Three Key Strategies for Preventing Problems with IBM WebSphere Business Process Manager

Introduction

A troubleshooter's job doesn't start after a problem occurs, preparations should be made well in advance of a problem. Troubleshooters often see a problem (for example, the system crashes) and start conducting many long and complex analyses that can take days or even weeks. However, prudent system administrators or troubleshooters start planning long before a problem occurs. In other words, they prepare the environment so that troubleshooting can be done more quickly and effectively if and when problems occur. The following key strategies will help prevent problems from occurring with IBM WebSphere Business Process Manager V8.5.

Three Strategies for Problem Prevention

#1: Tune and Monitor the Environment Regularly

Monitoring tools and a plan are needed to effectively detect problems or anomalies when they emerge. Monitoring is a trade-off. You want to detect important events, and yet not adversely impact the normal operation of the system. Monitoring is an entire technical area in itself, different from problem determination. This paper covers only a few points on this topic.

Passive monitoring can be done at all levels: network, operating system, application server, and application. The main system log files of dependent systems such as databases and LDAP directories can also be monitored for errors and events. For example, you might detect application server restarts that indicate the server is failing.

Some tools for passive monitoring include the Tivoli Performance Viewer and IBM Tivoli Composite Application Manager for Application Diagnostics.
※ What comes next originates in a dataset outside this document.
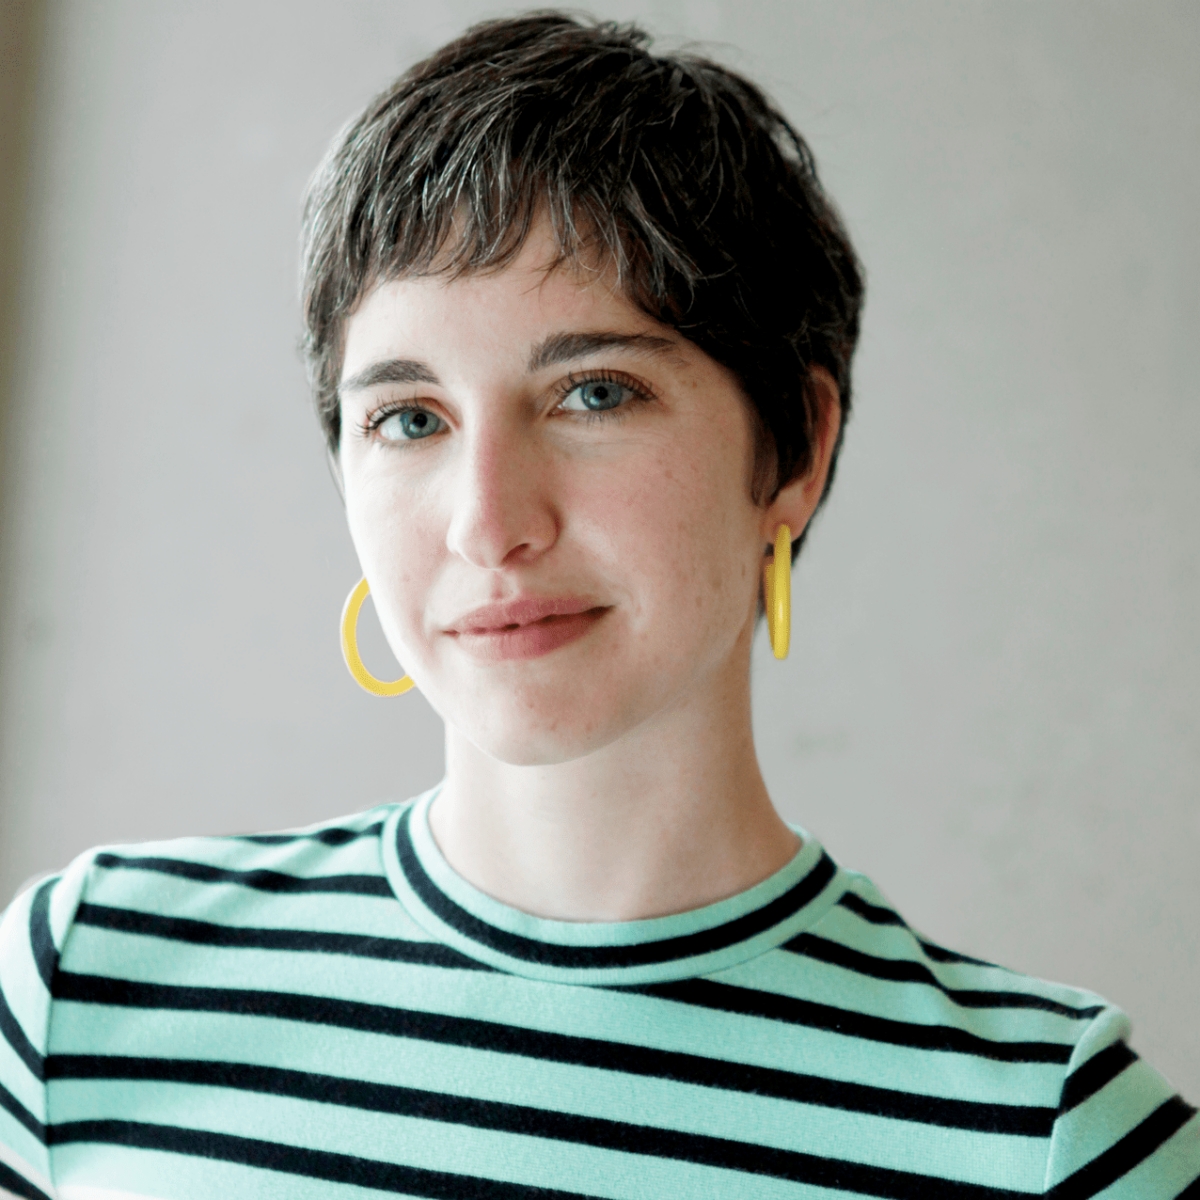 Emily Hoffman in hoop earrings and a striped shirt

Active monitoring goes beyond passive monitoring—you periodically test the operation of the entire system from end to end. One technique is to ping system components, such as one server or one database connection. Another technique is end-to-end pinging: you periodically send an entire "dummy" transaction through the system and verify that it completes. Some tools for active monitoring include IBM Tivoli Composite Application Manager for Transactions and web-based, load-generating programs like Rational Performance Tester.

Make sure that you:

  • Monitor the system at all levels, from the network to applications and dependent systems      Monitor the main system log files for errors and events such as detecting application server restarts      Use monitors and alerts on the following key system metrics:
    • Memory usage
    • Default PMI statistics
    • Performance advisors

Examples of ongoing system "health" monitoring include:

  • Significant errors in the logs that the various components emit.
  • Metrics that each component produces should remain within acceptable norms. For example, operating system processor and memory statistics, IBM Business Process Manager Performance metrics, and transaction rates through the application.
  • Spontaneous appearance of special artifacts that get generated only when a problem occurs, such as Java dumps or heap dumps.
  • Periodically send a "ping" through various system components or the application, and verify that it continues to respond as expected.
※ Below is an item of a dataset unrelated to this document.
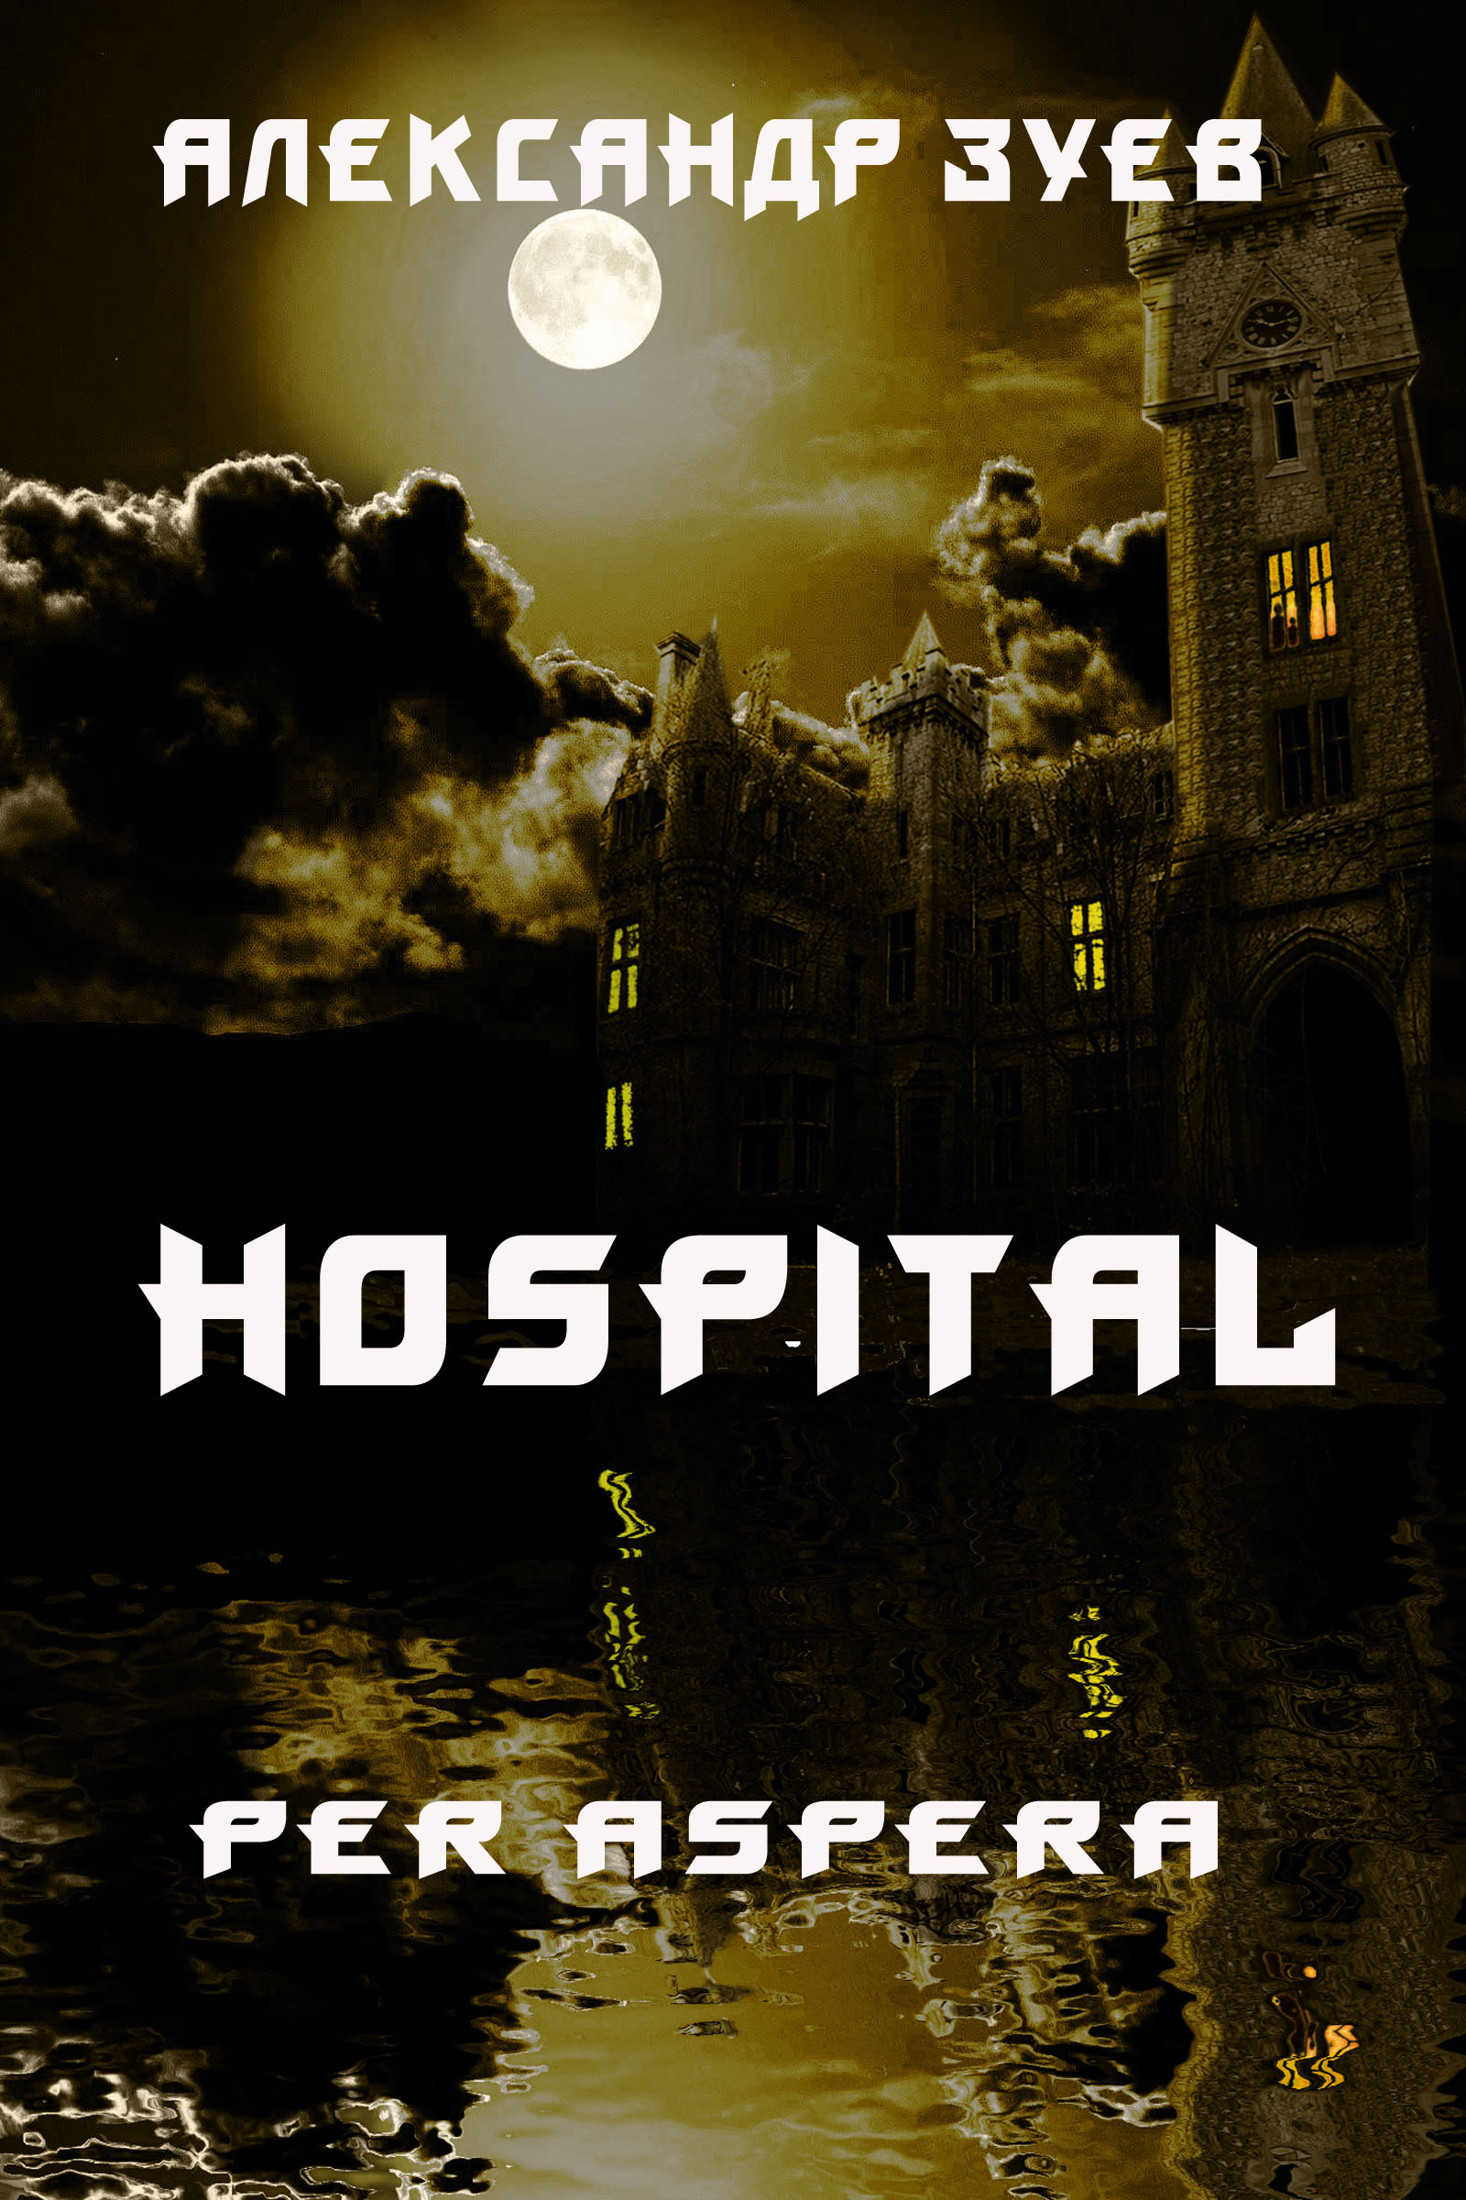 Госпиталь Per Aspera

Be prepared to actively generate more diagnostic tests when a problem occurs. In addition to dealing with diagnostic artifacts that are present when an incident occurs, your troubleshooting plan should consider any additional explicit actions to take as soon as an incident is detected. You want these actions to take place before the data disappears or the system is restarted.
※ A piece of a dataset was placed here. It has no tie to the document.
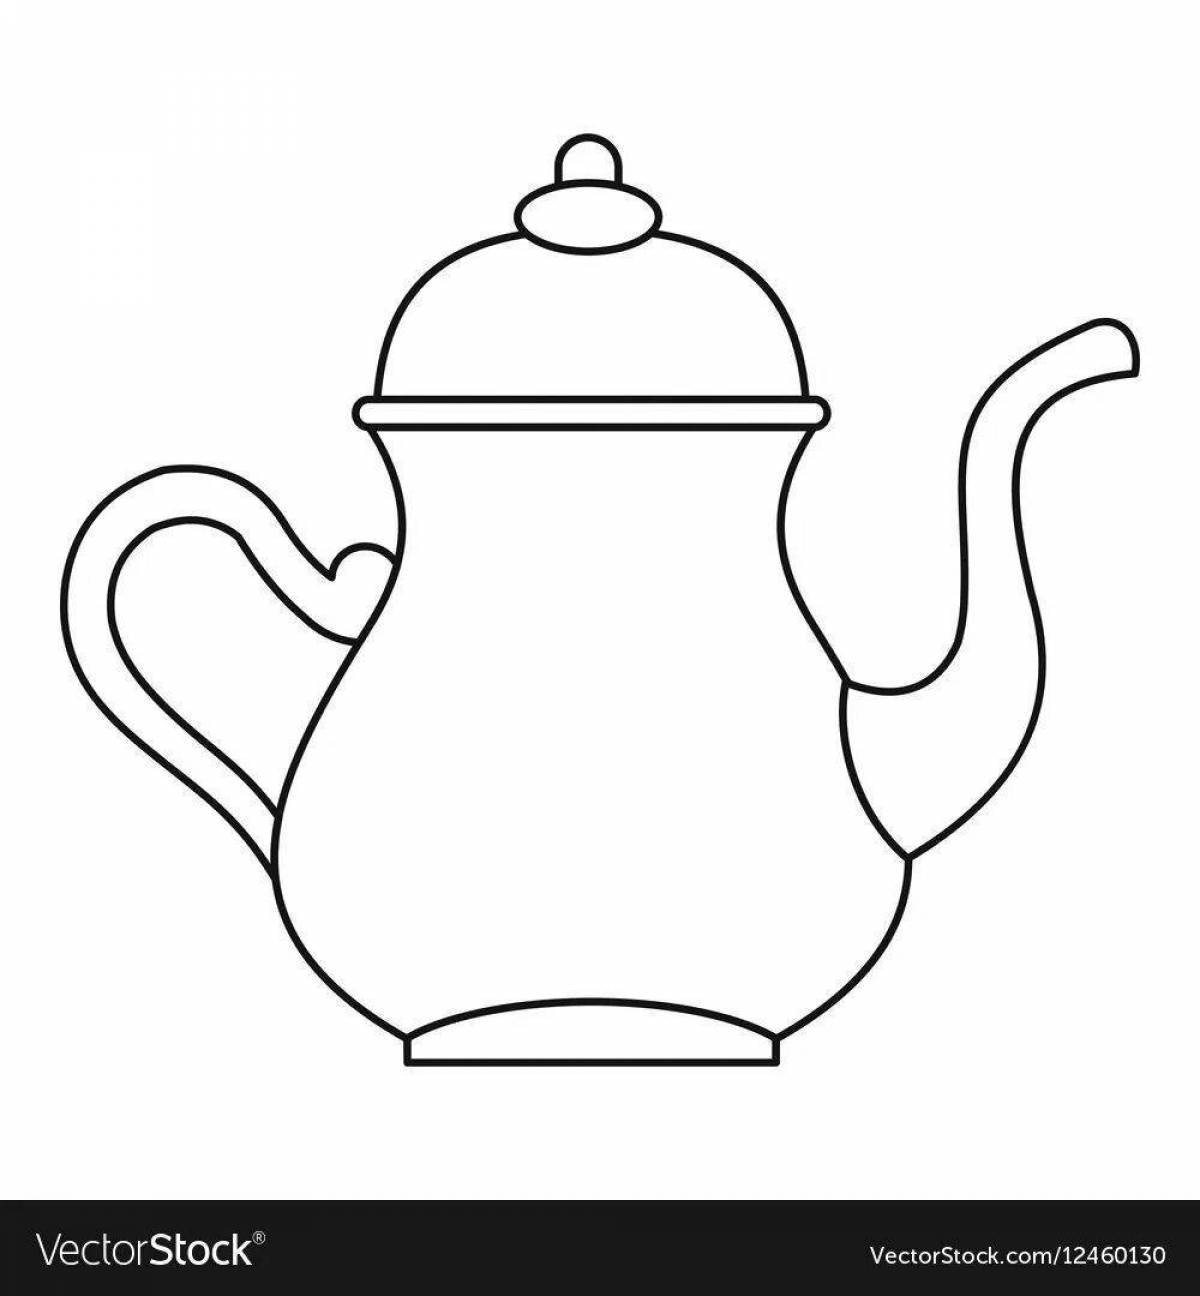 Wonderful teapot coloring page

Here are some examples of explicit actions to generate more diagnostics:

  • Actively trigger various system dumps, if they are not generated automatically (such as Java dump, heap dump, system dump, or other dumps that various products and applications might provide). For example, when a system is believed to be "hung," it is common practice to collect three consecutive Java dumps for each potentially affected JVM process.
  • Take a snapshot of key operating system metrics, such as process states, sizes, or processor usage.
  • Enable and collect information from the IBM Business Process Manager Performance Monitoring Infrastructure instrumentation.
  • Dynamically enable a specific trace, and collect that trace for a specified interval while the system is in the current "unhealthy" state.
  • Actively test or "ping" various aspects of the system to see how their behavior changes compared to normal conditions. This activity is done to try to isolate the source of the problem in a multicomponent system.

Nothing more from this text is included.